第3実施形態に係る揚送研磨装置10の基本的な構成は、第1実施形態と同じであるため、その構成を省略し、第1実施形態と異なる構成について主に説明する。
【0108】
図13に示すように、液体供給手段20は、ノズル21、ポンプ22、タンク23、および、格納部23aを有する。タンク23の底部には、取出口と開閉弁29とが設けられる。開閉弁29は、取出口を開閉するように構成される。開閉弁29は、取出口を閉じる方向に付勢される。開閉弁29が付勢される方向は、
図13において下方方向である。
【0109】
格納部23aは、タンク23を収納するように構成される。格納部23aの底部には凸部23bが設けられる。凸部23bは、タンク23が格納部23aに収納されたとき、開閉弁29を付勢力に抗して上方に押し、取出口を開放させるように構成される。
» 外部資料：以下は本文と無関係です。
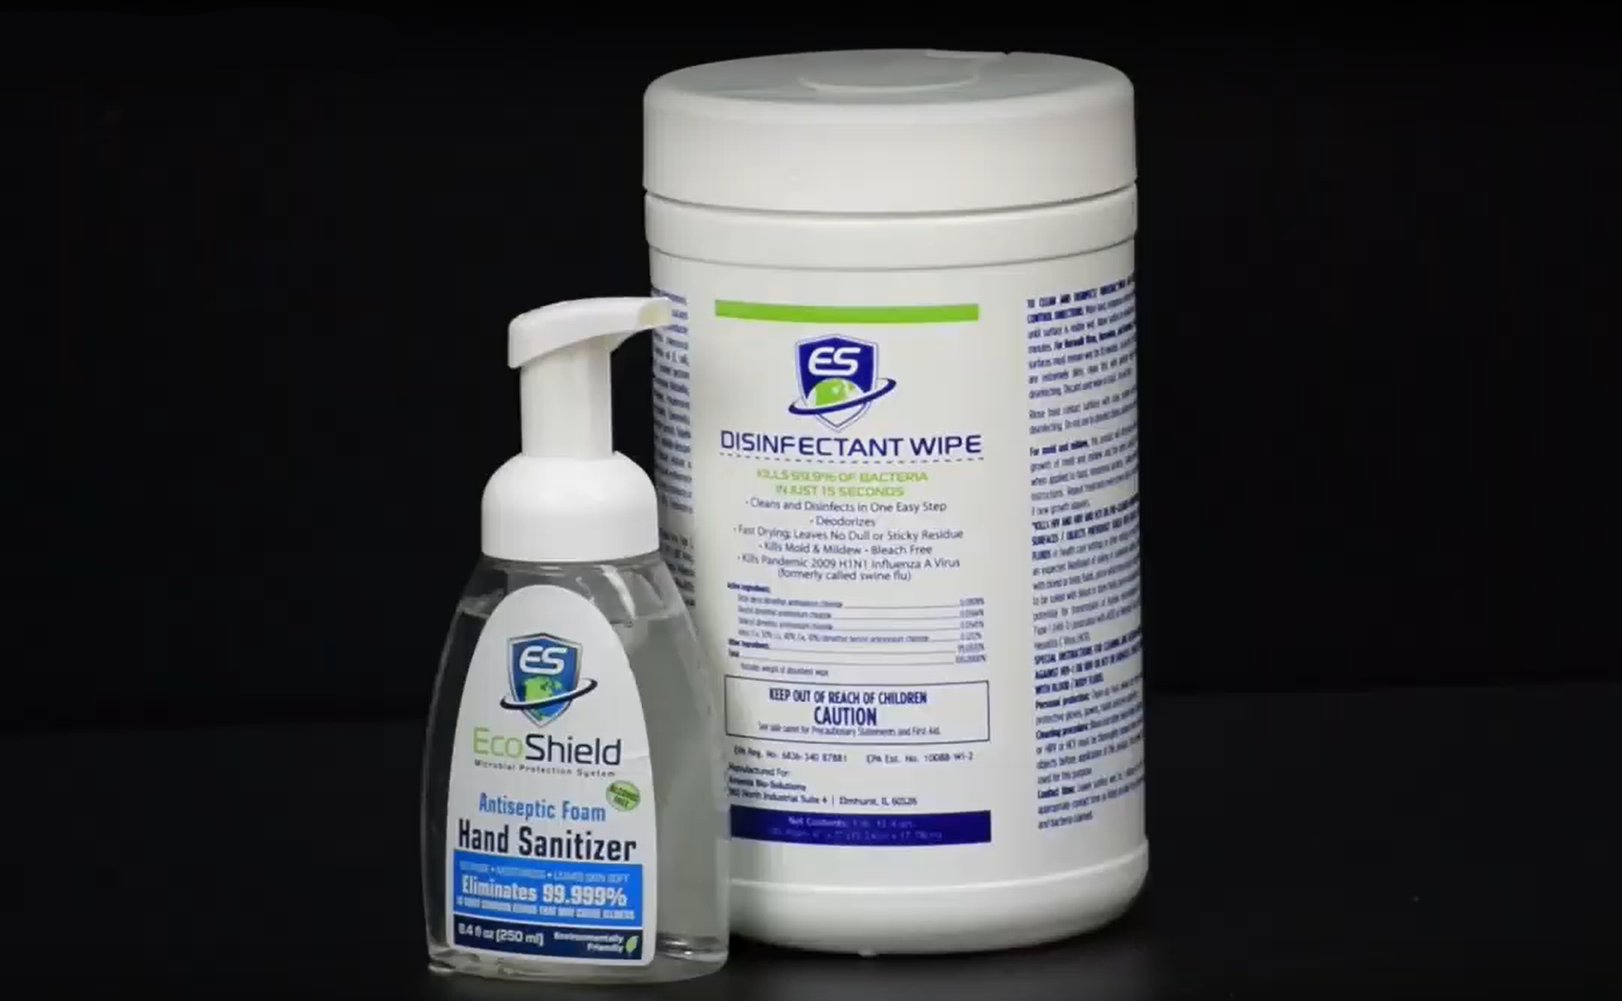 Hand Sanitizer and Disinfectant Wipes

格納部23aとポンプ22とが連通される。タンク23内の液体は、開放された取出口から流出し、格納部23aおよびポンプ22を介して、ノズル21から噴霧される。
【0110】
上記の構成において、香り成分の変更は次のように行われる。
制御手段13は、検知手段14により検出された結果を受けて、香り成分が変更されるように液体供給手段20を制御する。たとえば、制御手段13は、香り成分を変更すべき旨の報知をする。係員は、この報知に促され、用いていたタンク23を格納部23aから取出する。このとき、開閉弁29が付勢力により下方に移動し、取出口を閉じる。代えて、新たなタンク23を格納部23aに収納すると、凸部23bが開閉弁29を付勢力に抗して上方に押し、取出口を開放させる。タンク23内の液体が格納部23aおよびポンプ22を介してノズル21から噴霧されることにより、新たなタンク23内の液体を、研磨材の香り付けに用いることができる。
【0111】
なお、複数の格納部23aを設け、各格納部23aにおいて、香り成分の異なる液体が貯留されたタンク23が付け替えられるように構成されてもよい。
【0112】
前記実施形態では、下部タンク7に設けられた光電センサによる検出結果に基づき制御手段13がアウト球の増加量ΔQを求めたが、下部タンク7に貯留された遊技媒体の重量を計測し、計測された重量の単位時間当たりの変化に基づき制御手段13がアウト球の増加量ΔQを求めるようにしてもよい。